Немцы приобрели известность в государстве как люди, которые культивировали образование и искусство, и многие из семейных занятий имели художественный характер, такие как пение и ремесла. В этих деревнях начали появляться часовни, школы, кладбища, залы для вечеринок, мастерские по кузнечному делу , бондарному делу , плотницкому делу и металлообработке , а также гончарные мастерские , мельницы, кожевенные заводы, перегонные кубы, пивоварни , портняжные мастерские , ремонт обуви и другие коммерческие заведения. Эти центры функционировали как посредники и связующие звенья между колониями и крупными городами. [7] [20] [25]

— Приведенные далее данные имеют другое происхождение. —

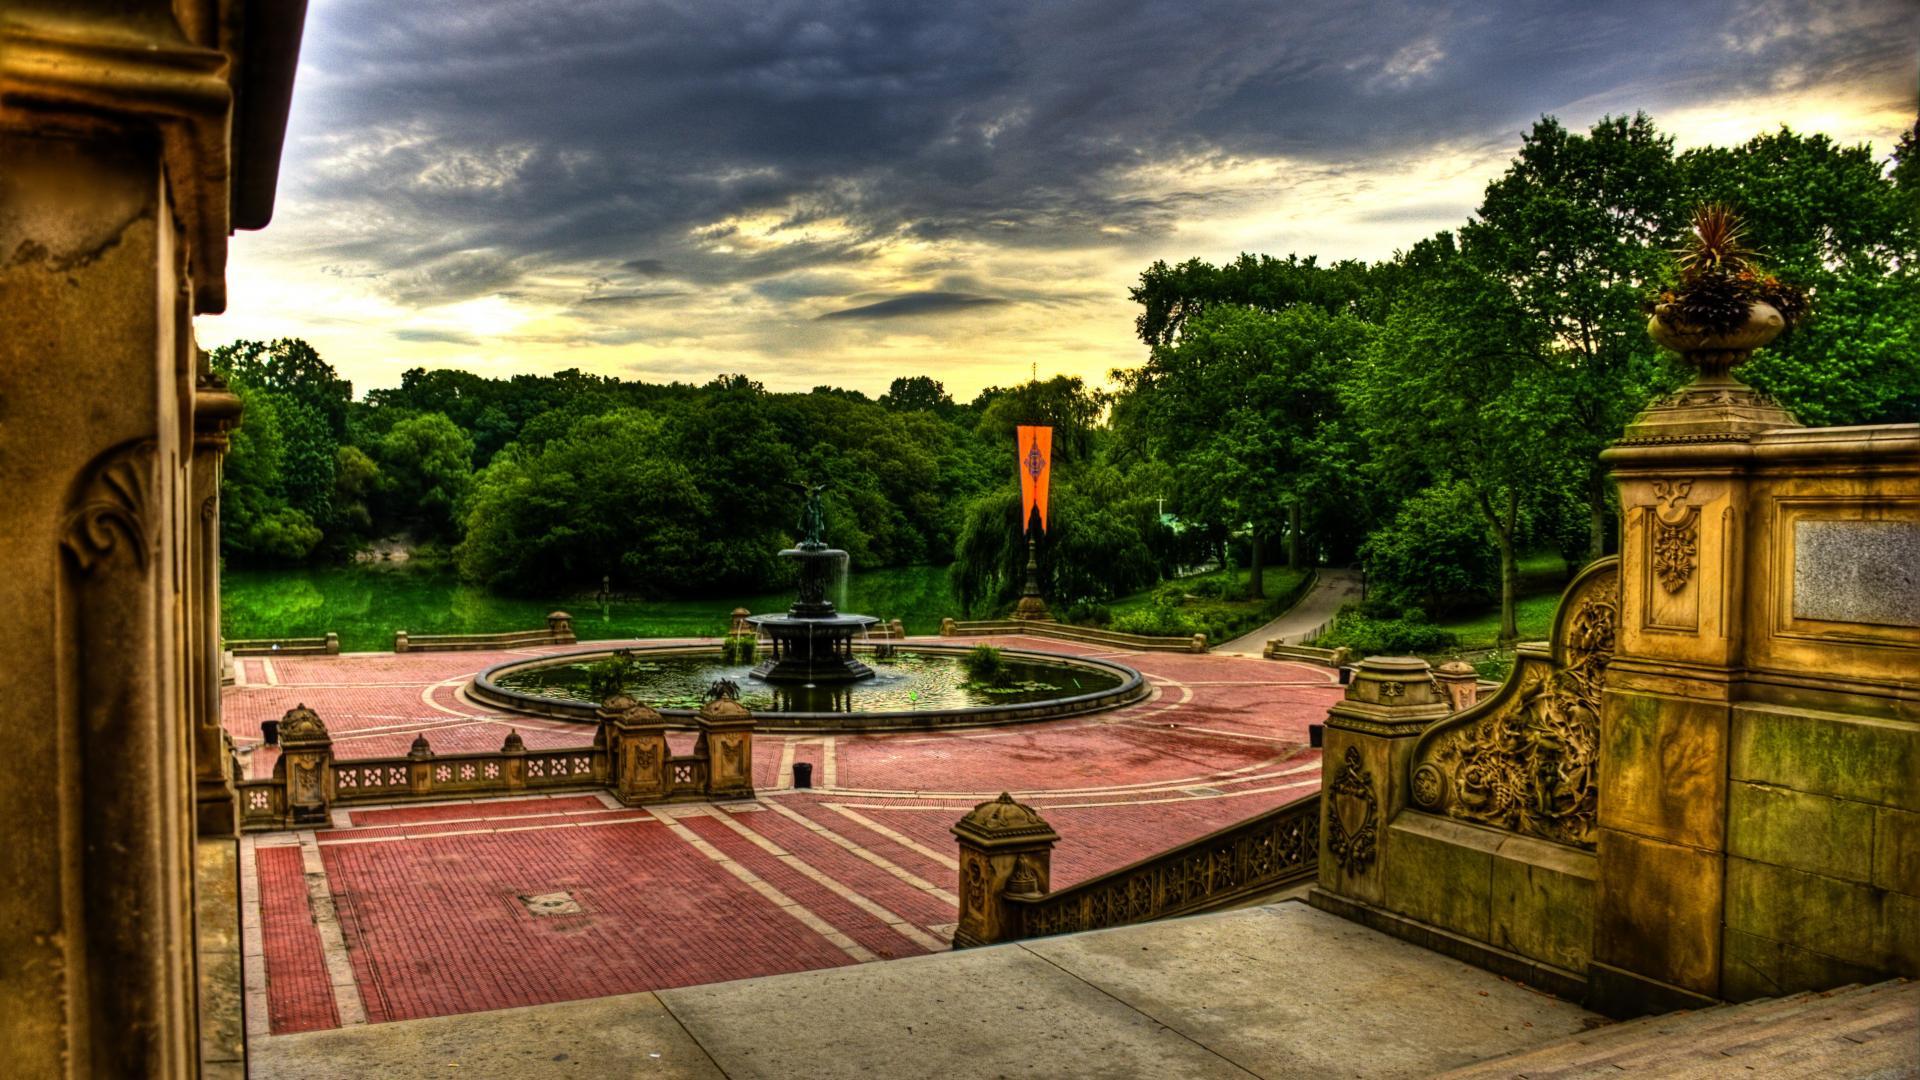 Central-Park-12.jpg

По мере того, как сообщество стабилизировалось и стало связано с окружающими бразильскими людьми, природой и местными способами сосуществования, возник новый фольклорный гибрид немецких и местных традиций. [22] Однако для менталитета того времени, от которого немцы не избежали, природа могла быть увлекательной и щедрой, но она также была варварским и потенциально опасным элементом, который необходимо было доминировать и дисциплинировать, чтобы он мог служить целям человека. Эти отношения завоевателя с окружающей средой, плюс тяжелая работа по очистке и возделыванию земли, были важными элементами для артикуляции основополагающего мифа , поддерживаемого обостренным патриотическим дискурсом вокруг предполагаемых высших добродетелей немецкого поселенца как героя-цивилизатора, дискурса, который начал выражаться еще в середине девятнадцатого века при поддержке самого местного чиновничества. [22] [26]

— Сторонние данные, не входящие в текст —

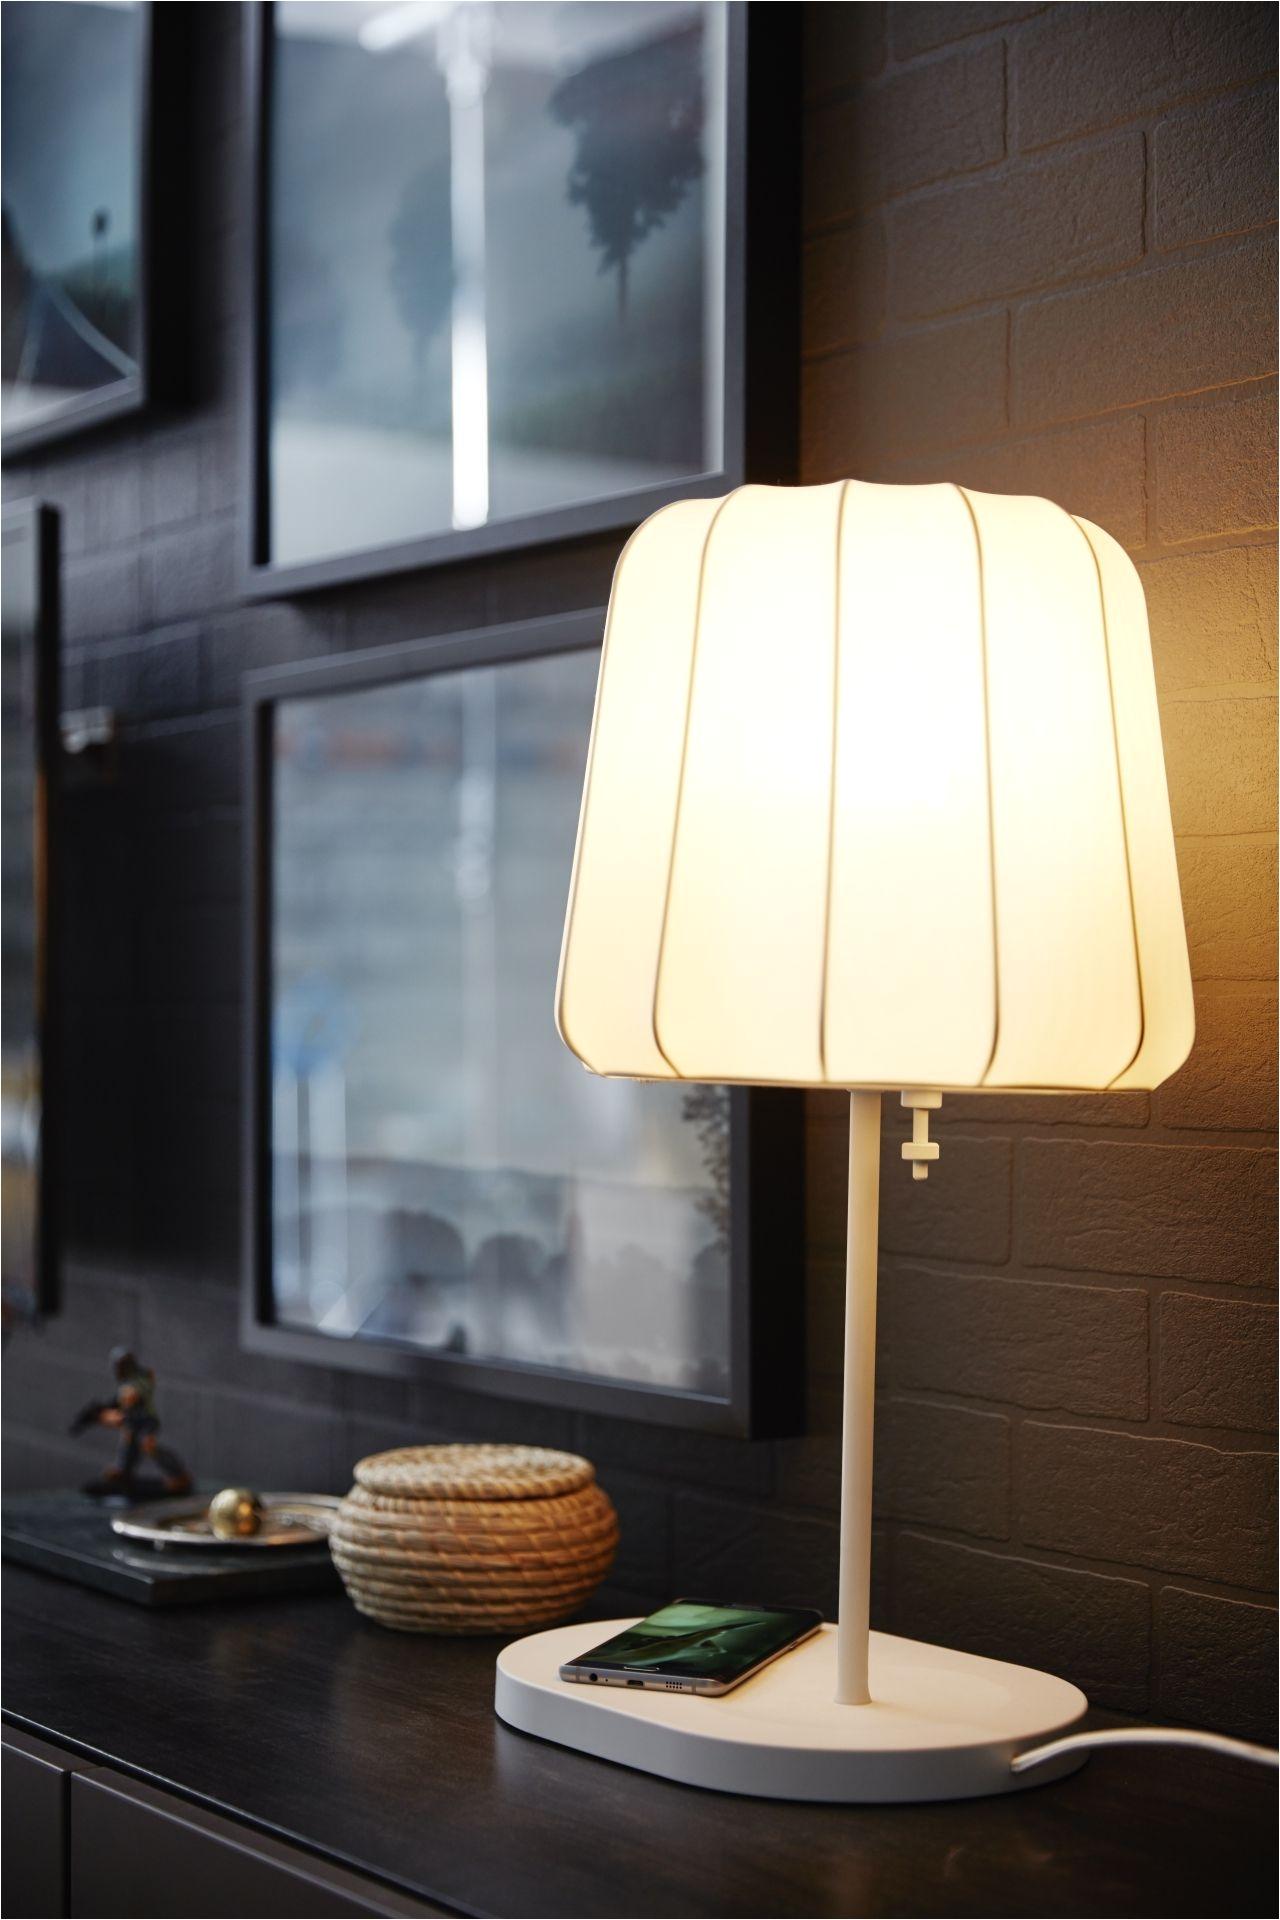 varv tafellamp met draadloos opladen

Барон де Омем де Мелло, президент провинции в 1868 году, оценивая влияние колонизации, отметил: «Некоторое время назад здесь была только пустота, населенная только животными. Сегодня эта земля преобразована и навсегда отдана цивилизованному человеку благодаря усилиям людей, полных энергии и религиозности». [22] Эта риторика станет влиятельной в процессе социального и идентичного утверждения немецкой общины, не только в сельской местности, [7] и оставит глубокий след в классической историографии иммиграции. [26]

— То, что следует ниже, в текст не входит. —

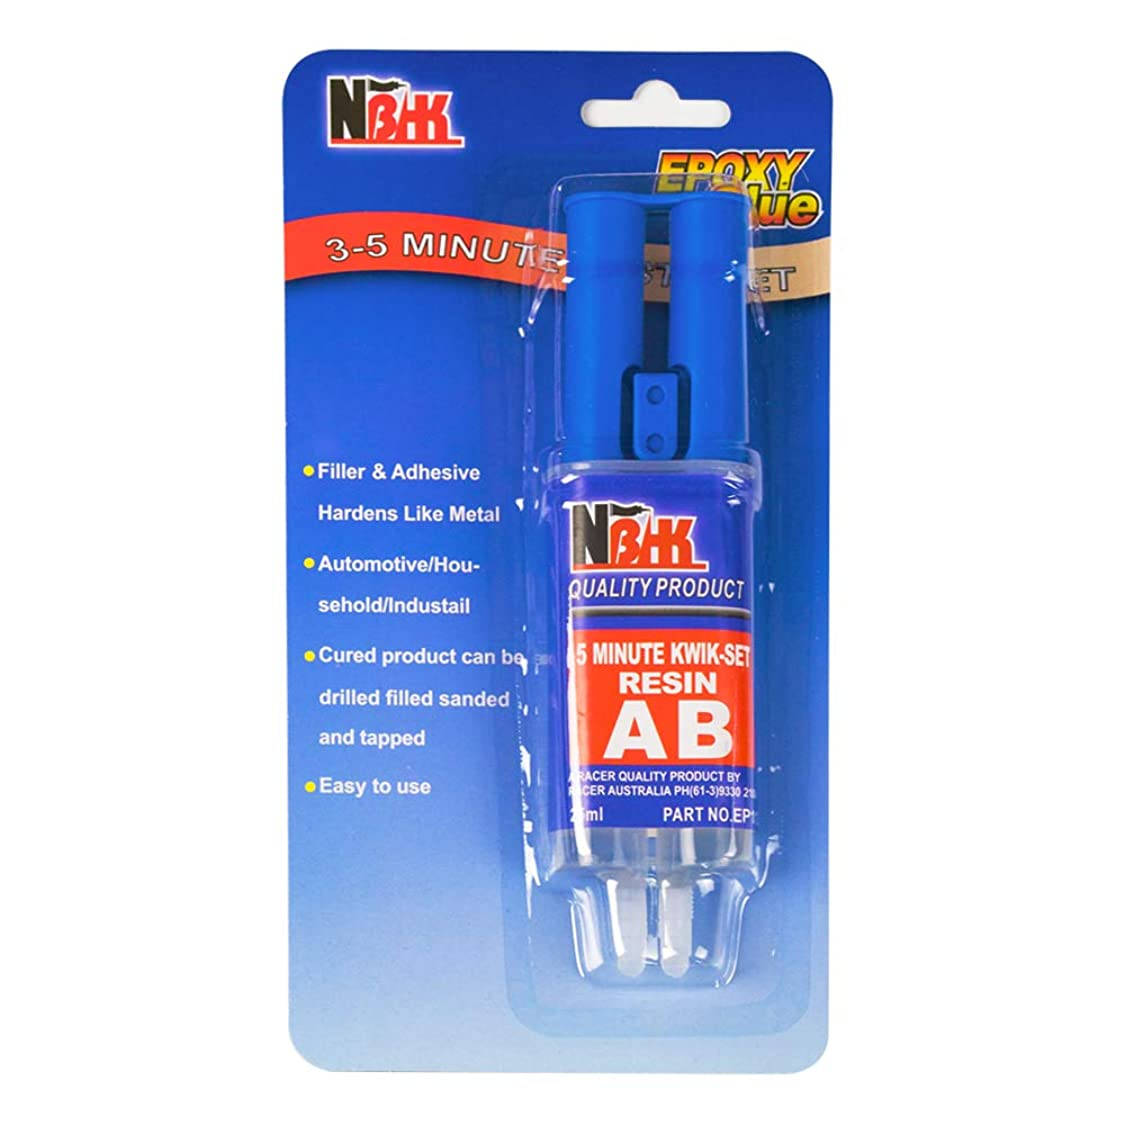 Epoxy Glue, 25ml MinuteWeld Instant-Setting Epoxy Syringe, Yanyi 0.85-Fluid Ounce Epoxy Resin Crystal Clear for Crack Damage Fixing Filling or Sealing

После периода широкого расширения на большей части территории штата, к середине двадцатого века старая модель мелкой сельской собственности оказалась на, казалось бы, тупиковом пути. Предыдущие десятилетия были бурными из-за репрессий Варгаса против иностранцев и вступления Бразилии во Вторую мировую войну против Германии . [4] Однако перед лицом модернизации, ускоренной урбанизации, механизации сельского хозяйства и индустриализации вся производственная система, существовавшая с XIX века, вступала в кризис. [20] [27] В анализе Архемиро Брума [20]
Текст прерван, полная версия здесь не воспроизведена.